Bretonnia has so much detail in Heraldry and each knight is painted differently. High Elves seem to be a popular choice in Fantasy and are probably one of the strongest armies in the game. But I think they always seem to be a strong army.

My suggestion. Go with High Elves.


----------



## Othiem (Apr 20, 2008)

Here's my personal breakdown of good and bad starters, based on unit variety, deviation from core rules, things like that:

Good -
Bretonia
High Elves
Dark Elves
Lizardmen

Could go Either Way -
Empire
Dwarves
Orks and Gobbos
Skaven
Wood Elves

Bad -
Beasts of Chaos
Warriors of Chaos
Ogre Kingdoms
Tomb Kings
Vampire Counts

Play wise, Bret's might be better. High Elves have a rule where they always strike first, which is a pretty big deal. It is frustrating to play against for newer players, and doesn't really enforce the importance of the movement phase for people using HE's to learn the game. Brets behave much more like a normal army, with a heavy emphasis on cavalry, so you get a fast moving force that's all about proper positioning to get off it's charges.

Painting...if you love to paint, a full out Bretonian cavalry force with each knight having their own individual crest looks amazing, but will take you a long time. You have to want to paint them. High Elves are much easier to shove out the door en masse and still look good.

From a story background, HE and Brets are possibly the two closest races that are unequivocally "the good guys." So if that's your thing, you're in the right place.

Last, I don't know if it's an issue for you, but the two armies with the most female models are the Dark Elves and the Wood Elves. DEs have a whole unit of only females, and their casters are female as well. Wood elves tend to have a few females mixed in their units, and have some heros as well. 
Wood elves are a very shooty army that try and avoid direct combat almost all the time, killing you at range with their high mobility. Dark Elves are the glass cannon army, with frail units that hit like trucks.
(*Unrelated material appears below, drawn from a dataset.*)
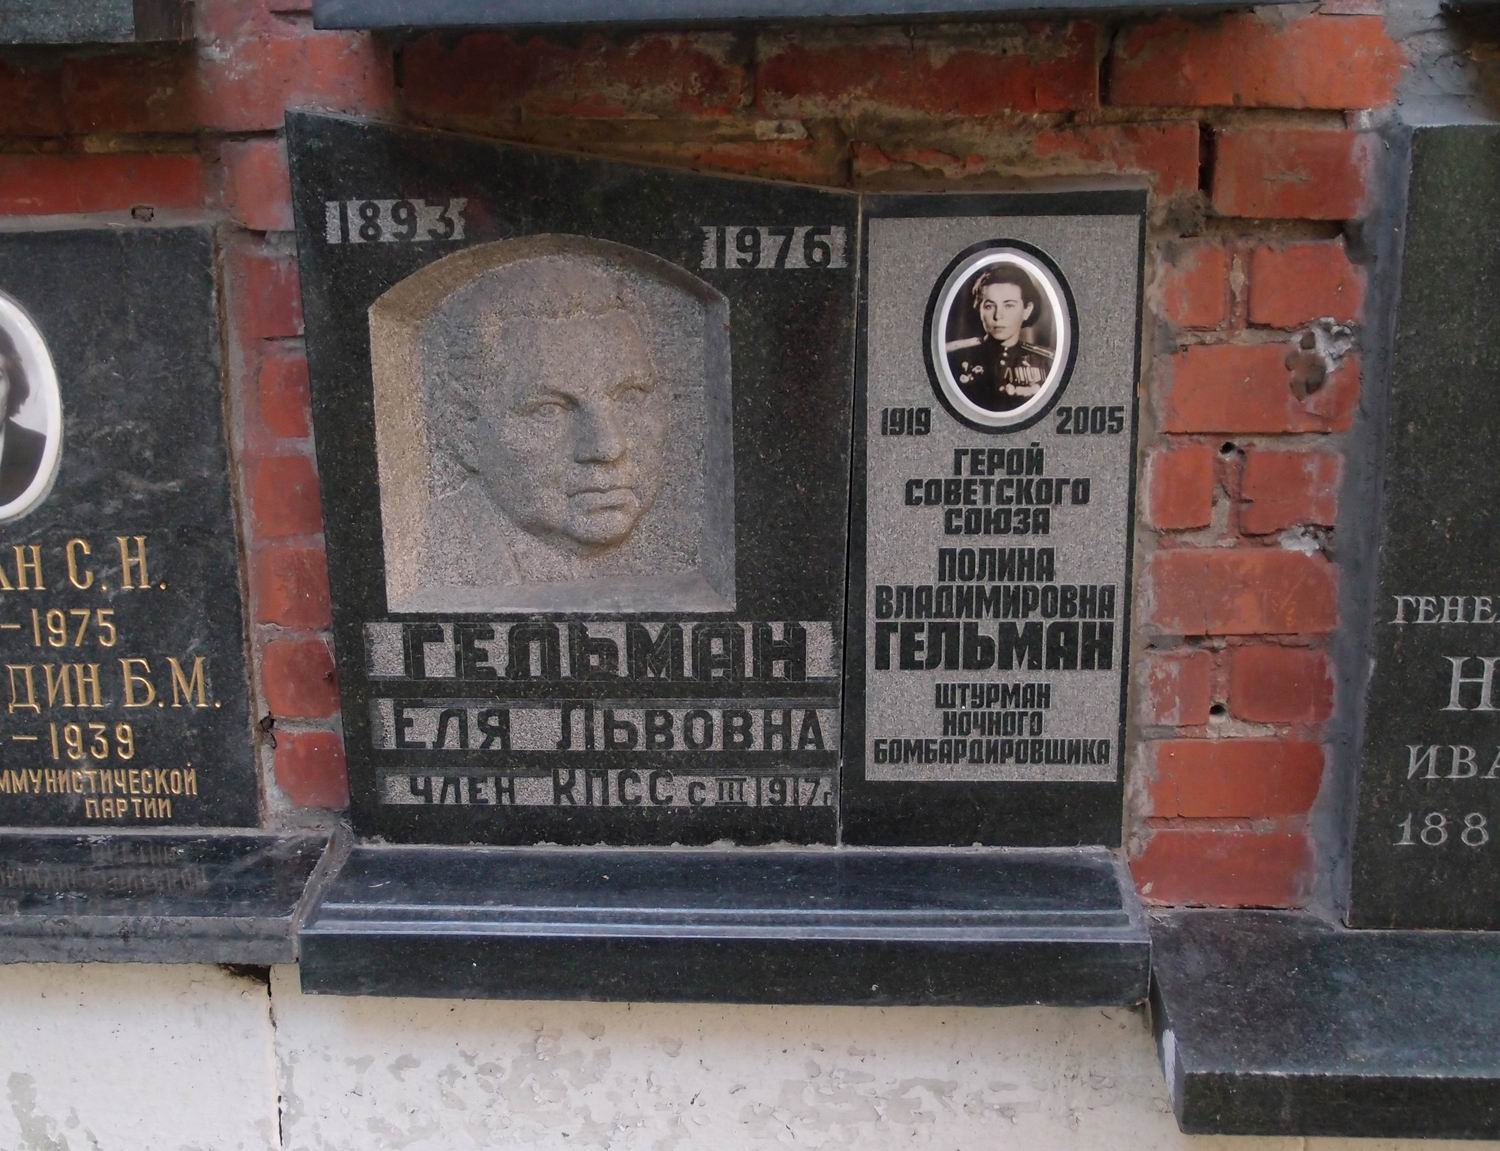 Плита на нише Гельман П.В. (1919-2005), на Новодевичьем кладбище (колумбарий [134]-37-4).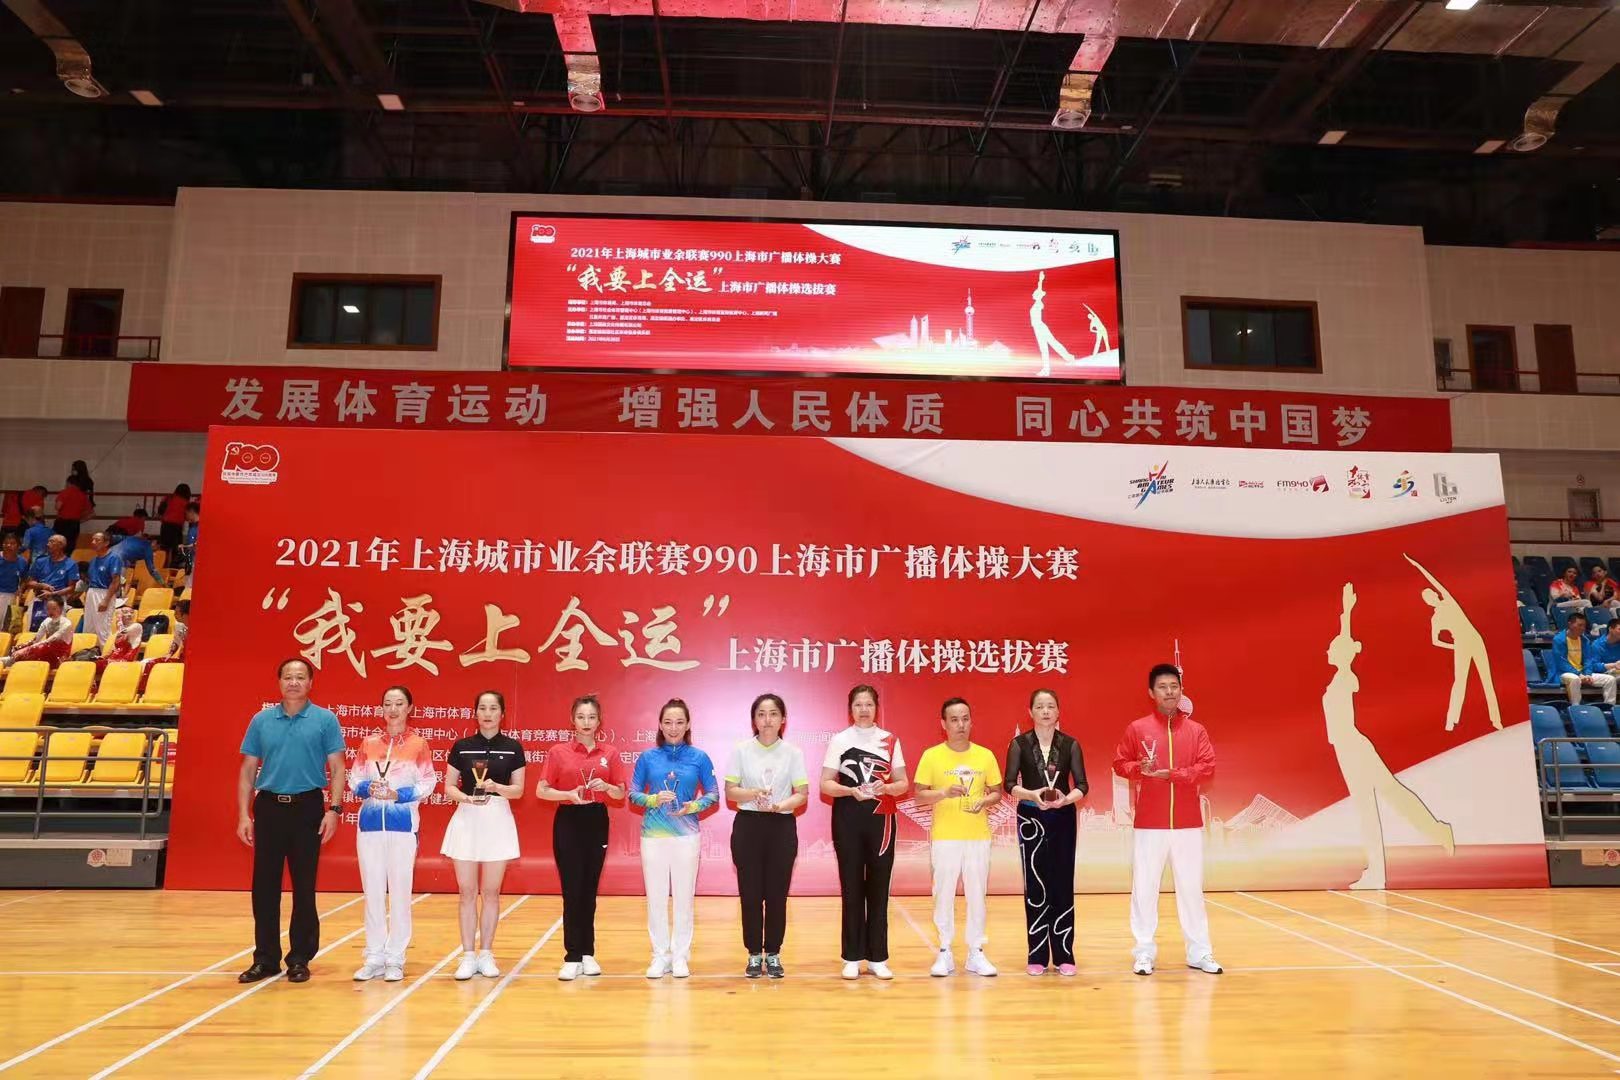 2021“我要上全运”上海市广播体操选拔赛举行

Remember there are tons of other companies providing fantasy miniatures, so if you ended up wanting to have a woman general leading your HE army, you can find an appropriate model and use it as "counts as" for your lord, mage, whatever. Just be sure if you order non-GW models that a) they are 28mm scale b) you don't intend to play in GW tournaments, they can be weird about things like that, but most players think conversions like that are great.

It's difficult to go wrong in Warhammer, just pick an army you love the look of, stick with them, and avoid the armies on the "bad" portion of the list unless you do some research and know what you're getting yourself into and you should be fine. Welcome to the hobby!


----------



## Blargh1337 (Oct 20, 2008)

I don't know. But I want to play TETRIS!!!


----------